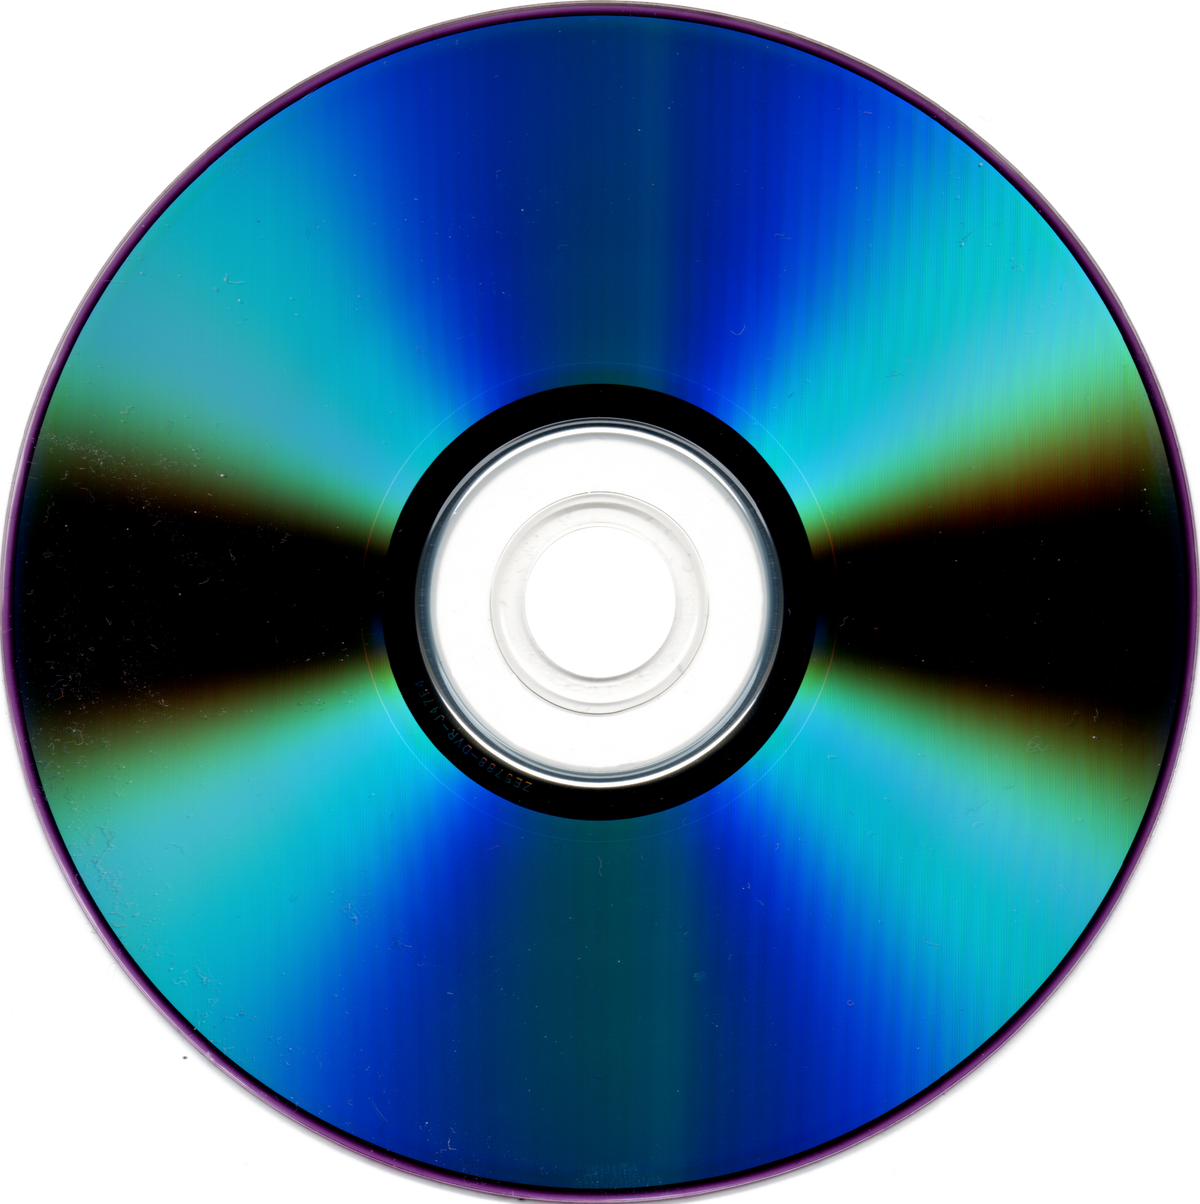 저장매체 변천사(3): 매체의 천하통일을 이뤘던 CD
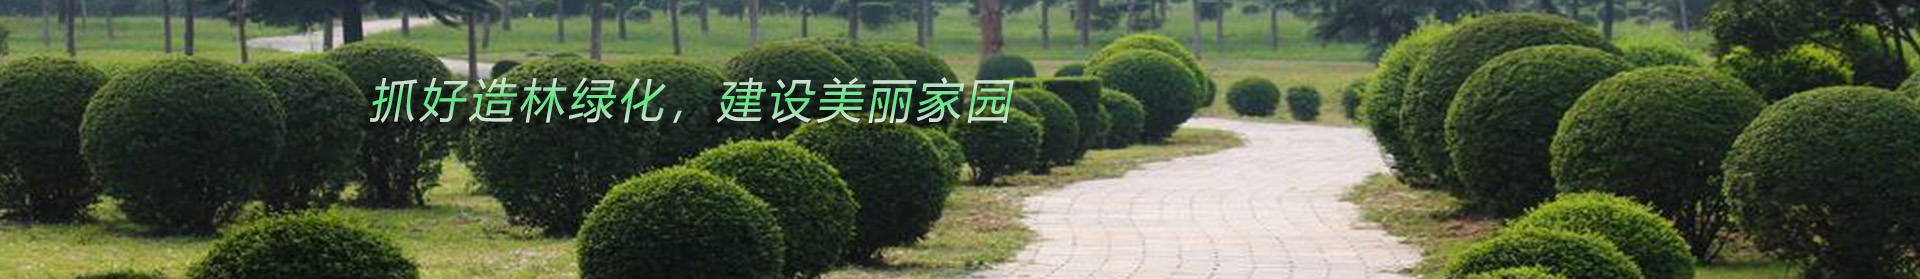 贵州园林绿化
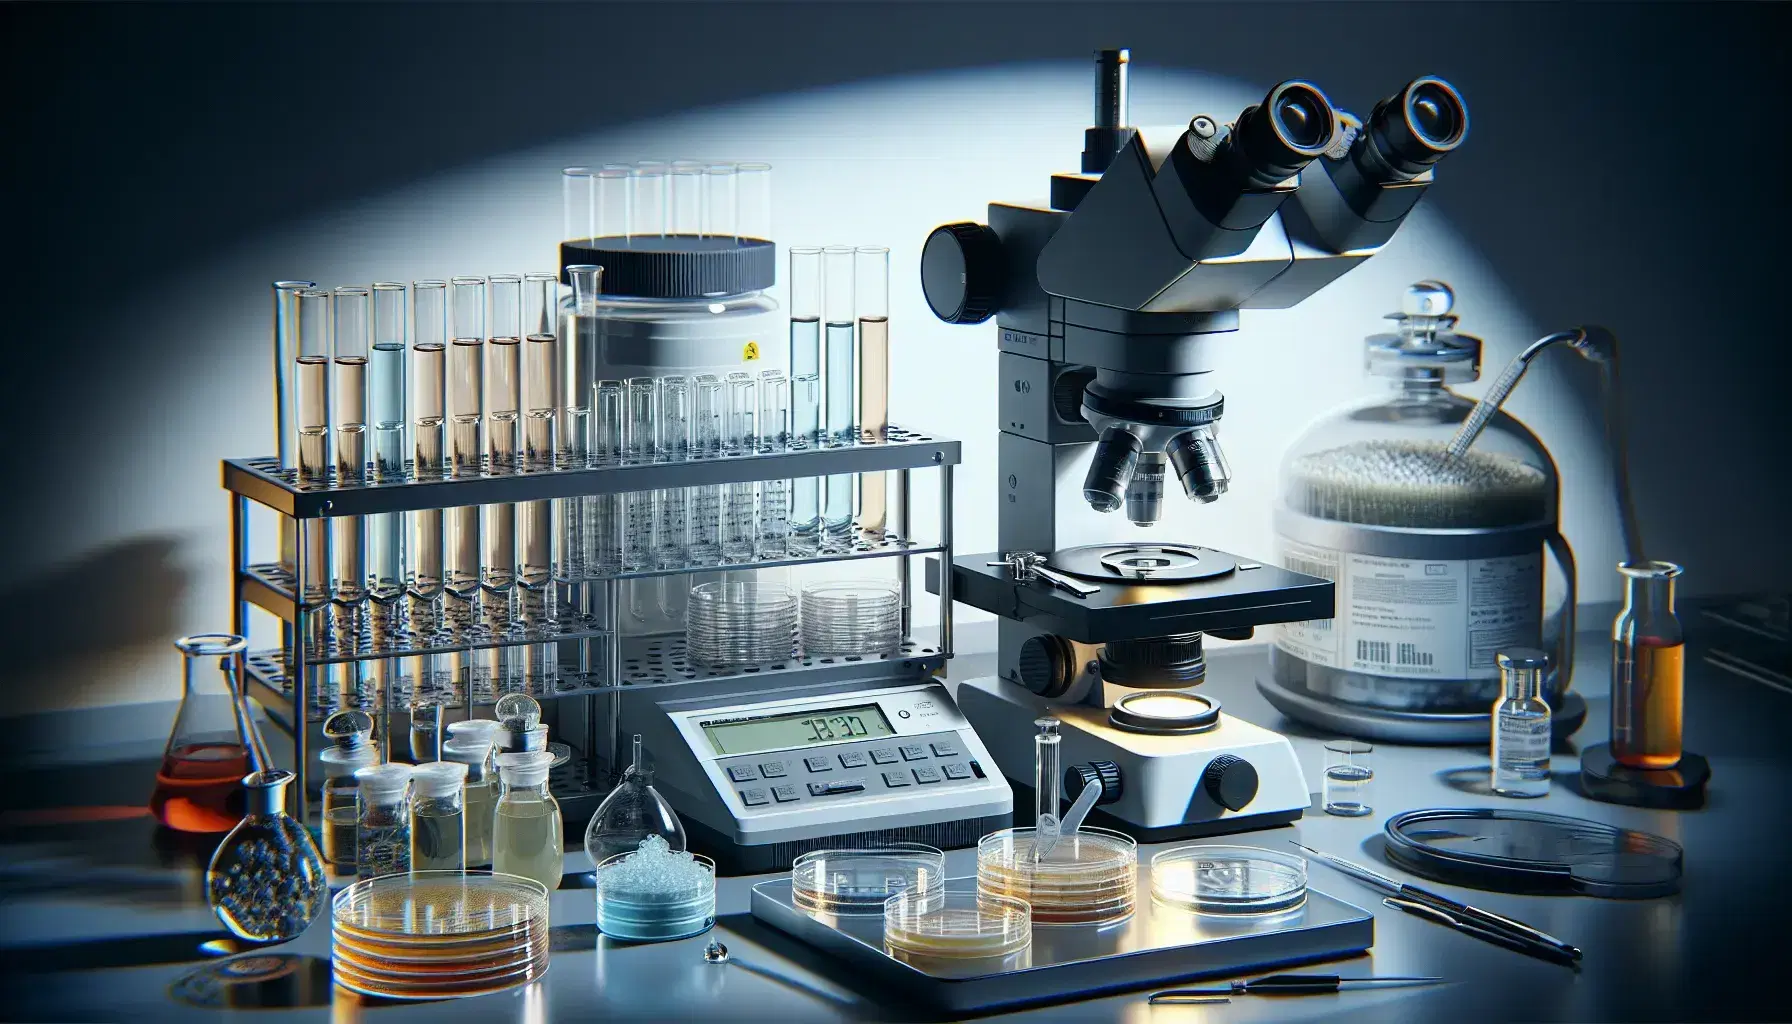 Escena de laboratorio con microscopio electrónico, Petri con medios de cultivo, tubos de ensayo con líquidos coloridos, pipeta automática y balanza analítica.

(HOW TO COMPLETE THIS TASK) Wherever a picture appears, omit it; copy the rest of the data exactly.

(OUTPUT OF THE EXERCISE)
 저장매체 변천사(3): 매체의 천하통일을 이뤘던 CD
 贵州园林绿化
 Escena de laboratorio con microscopio electrónico, Petri con medios de cultivo, tubos de ensayo con líquidos coloridos, pipeta automática y balanza analítica.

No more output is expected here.